Icon argues that fragmentation is a major risk if adoption scales without common integration into existing banking platforms. Different digital asset models, from stablecoins to tokenised deposits and CBDCs, may run on separate networks, adding complexity for institutions that must also maintain links with established payment rails and internal systems.
Legacy constraints
Icon positioned the reference implementation as an alternative to legacy vendor-led approaches that can limit banks' flexibility when adapting systems for digital asset settlement and payment processing. It said older architectures can make change programmes slower, more expensive and harder to manage.
According to Icon, its payments development framework has already been used in live environments for DLT-based clearing and settlement. Banks, including Citi, UBS, NatWest and BNP Paribas, have adopted it.
Icon says the framework can reduce implementation times and cut the total cost of ownership for payments transformation projects. The claims come amid a wider push by banks to modernise payments infrastructure in response to changing customer expectations, regulatory pressure and the emergence of new settlement models.
Digital money
Interest in digital assets in banking has moved from experimental projects to more practical questions about operations, governance and interoperability. Stablecoins and tokenised deposits have attracted particular attention because they could support faster settlement and more automated payment processes, while central bank digital currencies remain under examination in many jurisdictions.
For commercial banks, however, integrating these instruments into existing operations remains a significant hurdle. Any deployment must align with current compliance processes, back-office systems and payment networks rather than operate as a stand-alone experiment.
That is where firms such as Icon see an opening. By focusing on reference implementations and integration frameworks rather than a single asset type or ledger, providers are trying to persuade banks they can add digital asset payment support without overhauling all existing infrastructure at once.

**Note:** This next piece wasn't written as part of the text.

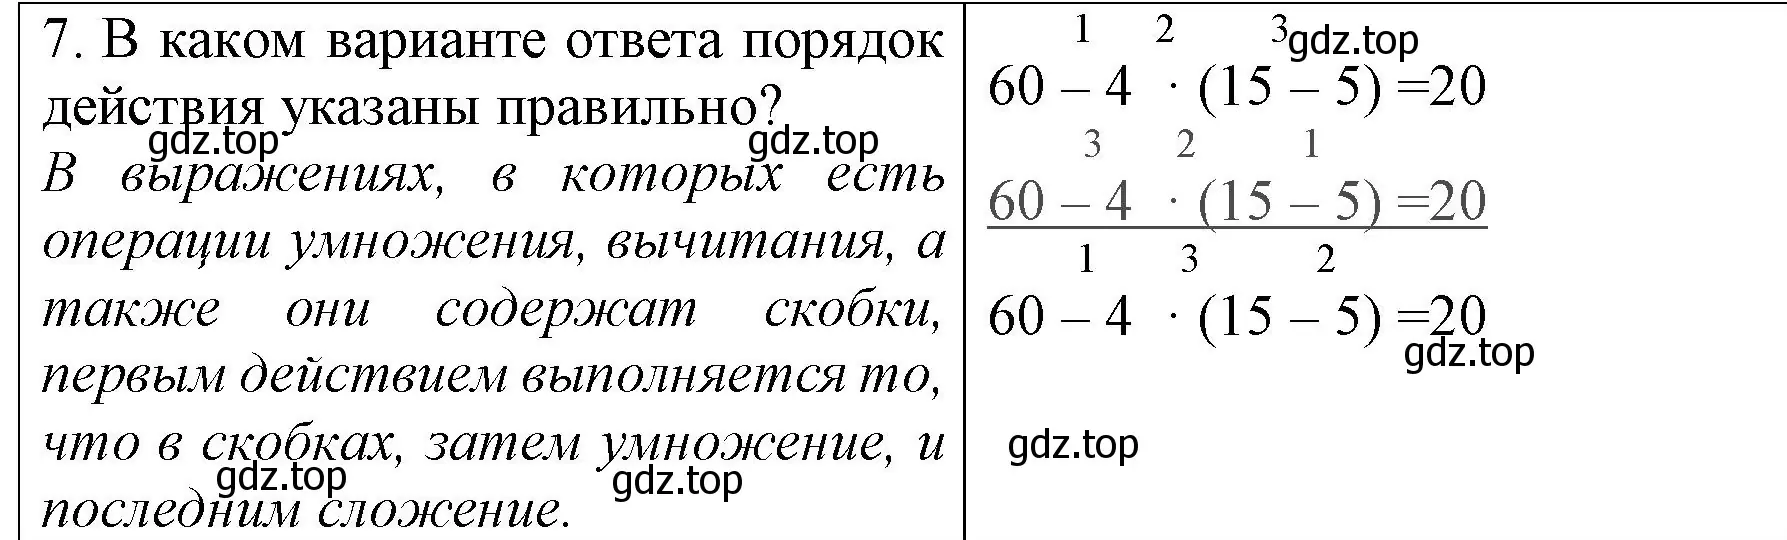 Решение номер 7 (страница 31) гдз по математике 3 класс Моро, Бантова, учебник 1 часть

Arjeh van Oijen, Head of Product Management at Icon, said the market shift means banks need to rethink how they structure payment systems.
"The move from digital asset experimentation to implementation is a clear market signal that all banks must focus on moving towards a consolidated payments infrastructure that can support any type of payment, anytime, anywhere," he said.
"As banks start to harness the potential of digital money, IPF is the only solution with the flexibility to bring new services to market quickly, safely and cost-effectively - without relying on external vendors," he added.